Going over to the Office Building to see him, it occurred to me what an institution a Senator is. They sit in their offices like a lot of independent little principalities, owing no subservience to anyone but their people, not possessed of too much loyalty to one another, only uniting from time to time on the issues that touch their particular boundaries. From them, stretching out into the depths of the country, run the long lines of power to the folks back home, the county committees, the state conventions, the friends, the acquaintances, the clubs, the people. It is a curious and rather moving thing, one of those features of our life in this land that sometimes amuse the mind and sometimes touch the heart.
This afternoon the Senate took four temporary recesses before the House would agree to a compromise on the subsidy fight and accept a proposal to continue the life of the Commodity Credit Corporation. Finally it did, and with that out of the way Barkley offered a concurrent resolution to adjourn sine die after next Tuesday’s session, and a resolution to convene the second session of the 78th Congress at noon Monday, January 10. Both went through unanimously, although Pat McCarran of Nevada made some objection, wanting a recess to January 19 which he did not get. He too is an interesting character, with his huge square figure, his diamond ring, his perfectly tailored suits, his cynical face like one of Hans Holbein’s, and his shock of white hair swirling upward like a cockatoo’s.

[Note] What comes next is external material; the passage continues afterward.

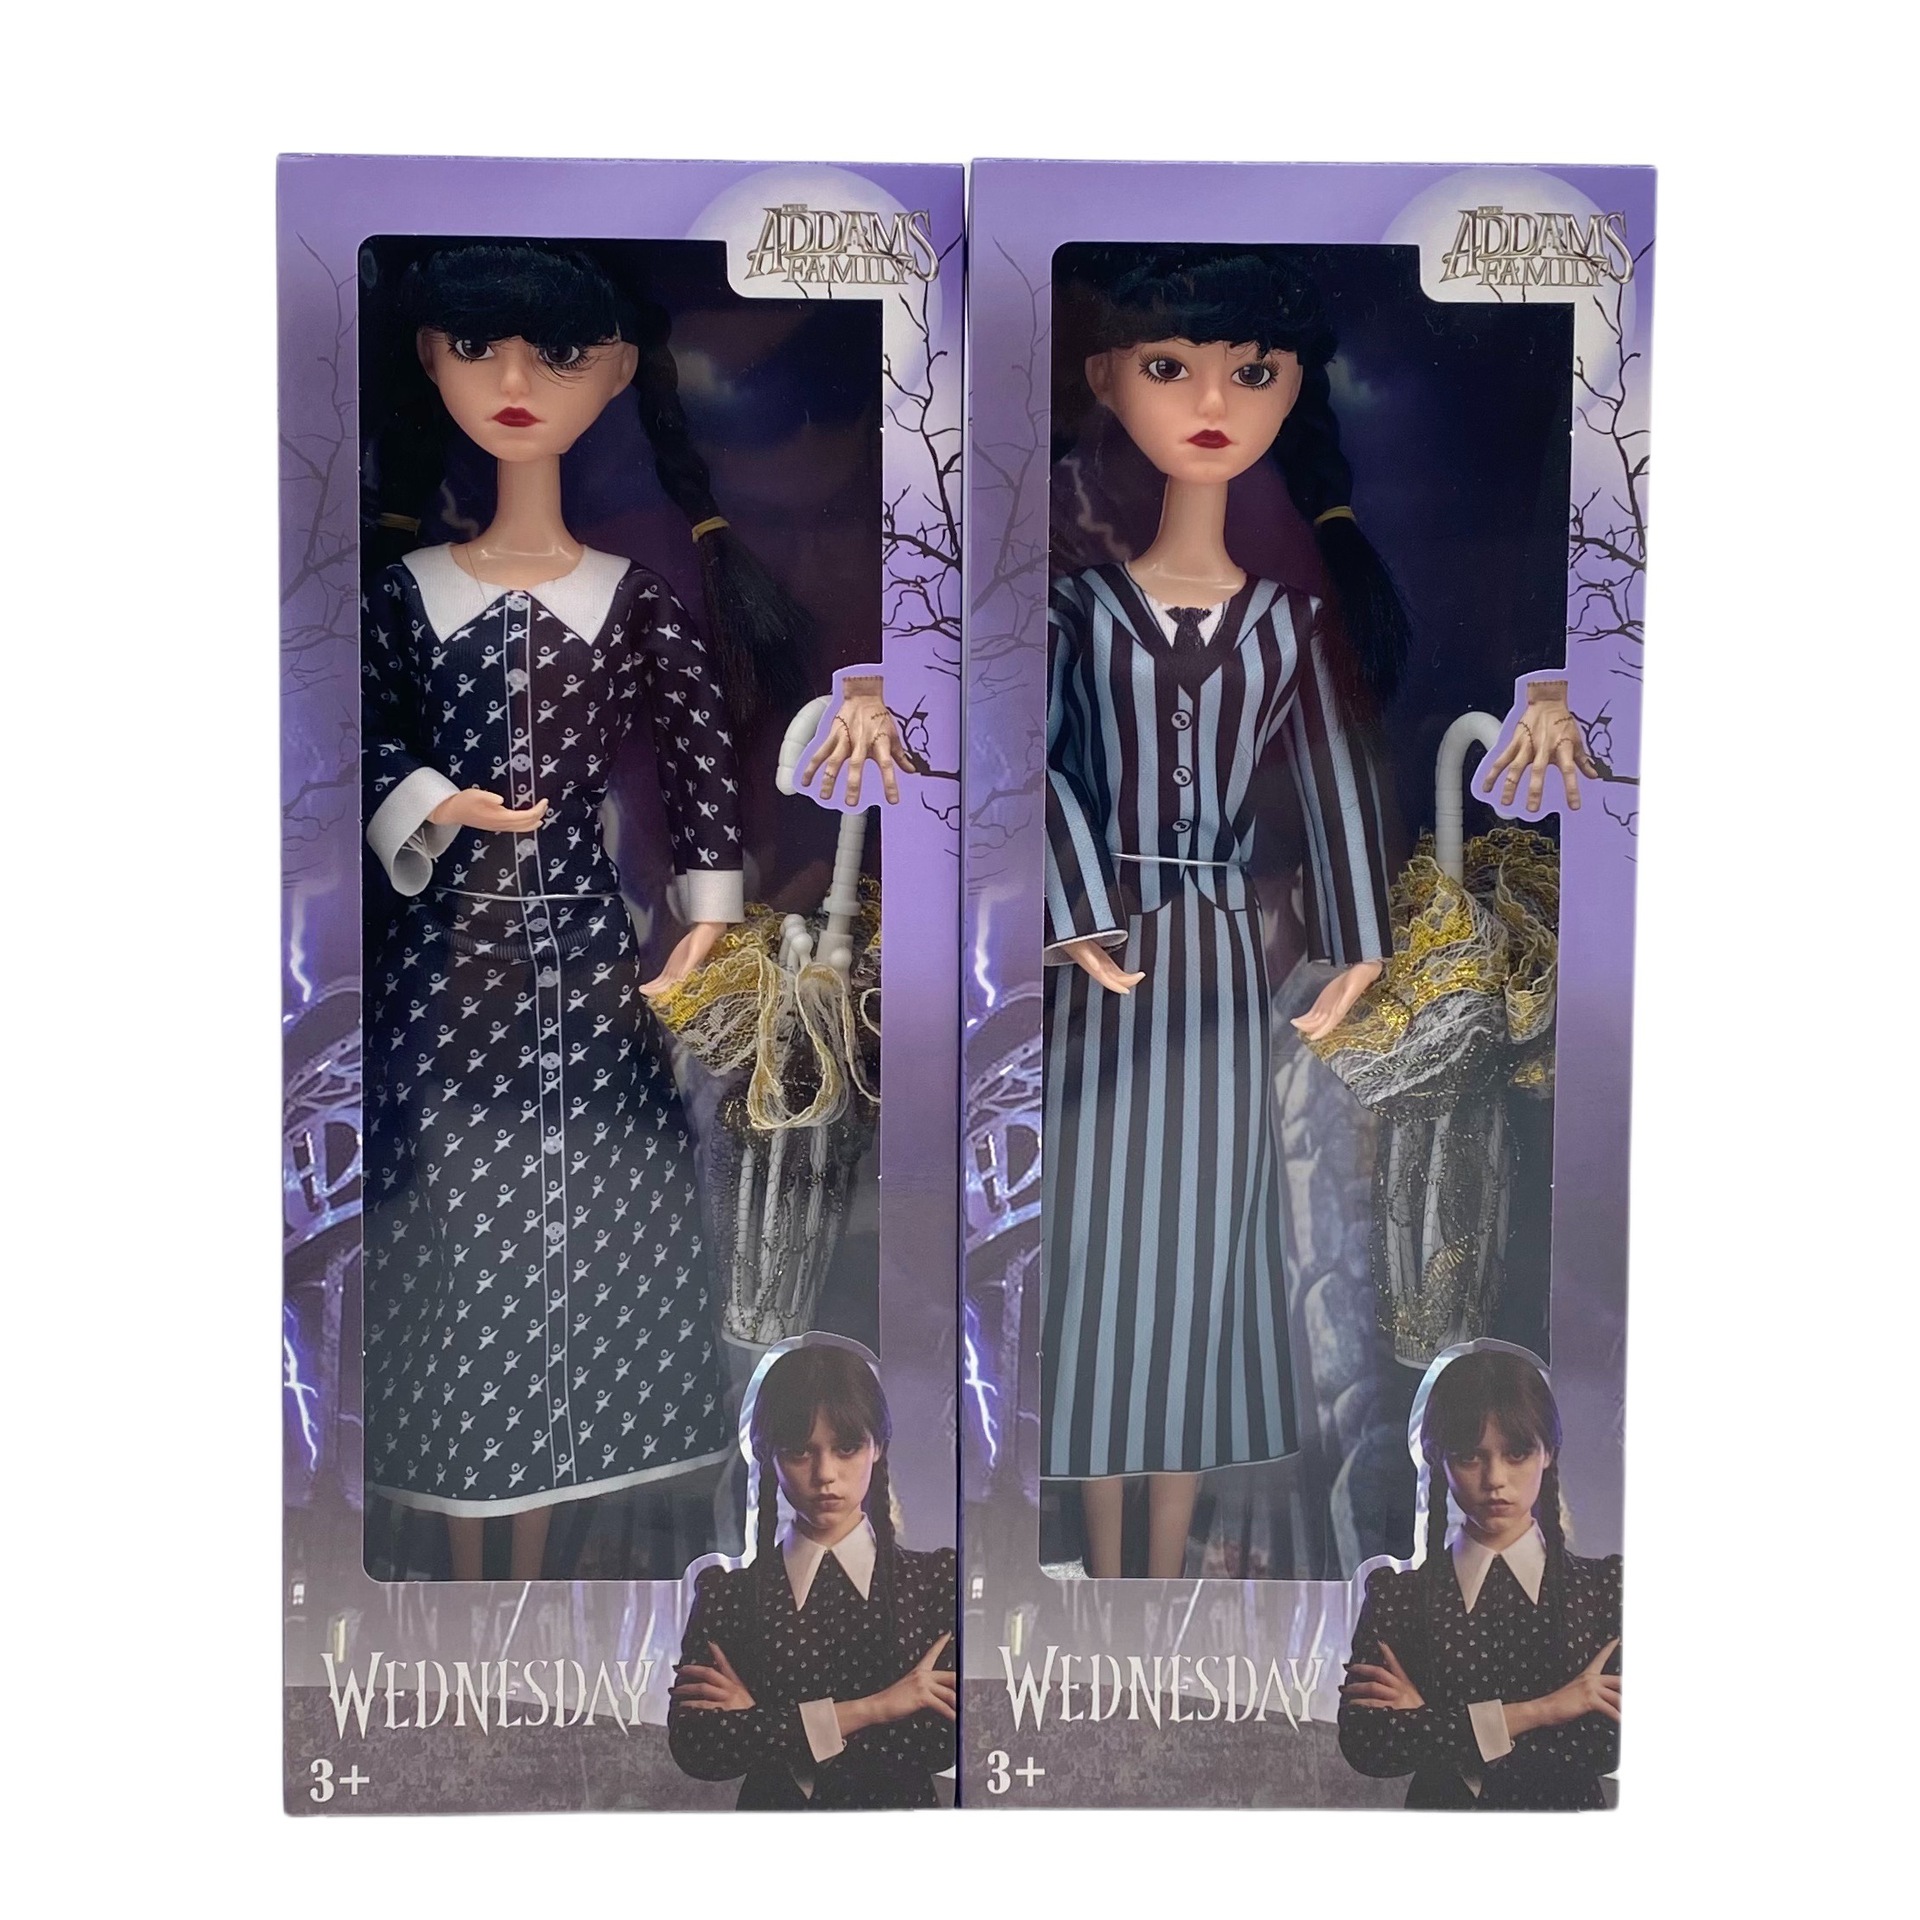 Bonecas Loofamy Wednesday Addams, boneca de plástico da família Addams, 11,5 polegadas, vestido listrado de manga curta, presentes de aniversário para crianças e meninas fãs

It was an odd feeling to realize when the resolutions went through that in the normal course of things, with the single exception of the President calling a special session, no one on this earth could tell those men whether they could or could not take a vacation, or how long or how short it could be. Three sovereign branches: it comes out from time to time.
December 19, 1943. Twenty-five members of the House have issued another statement on the hard-dying Green-Lucas soldier-vote bill. Obviously the Congress cannot let things ride as they are at present. Some attempt must be made to facilitate the soldier vote.
December 20, 1943. Handsome, dynamic, suave, striking, forceful, dramatic, incisive—and all the other adjectives customarily fawned upon him by an idolatrous press-agentry—General Brehon B. Somervell got put on the griddle by the Truman Committee this morning and emerged from the ordeal still handsome, dynamic, suave, etc., albeit a trifle limp. The subject at issue was the ill-fated Canol Project, a wild dream that did not come true of oil in the depths of the Canadian Northwest begun, apparently, on a nod from Brehon B. and now become a great bone of contention between the Committee and the War Department. The committee damns it up and down while the War Department is as usual scrambling desperately to save face instead of having the guts to admit a mistake frankly and go on from there. All the desperate assertions of an embarrassed incompetence have been hurried forth to justify the thing, but the committee is unimpressed. In all this controversy Brehon B. occupies the central spot and today, his three stars glittering, was brought to book. Not much was gained by the whole business.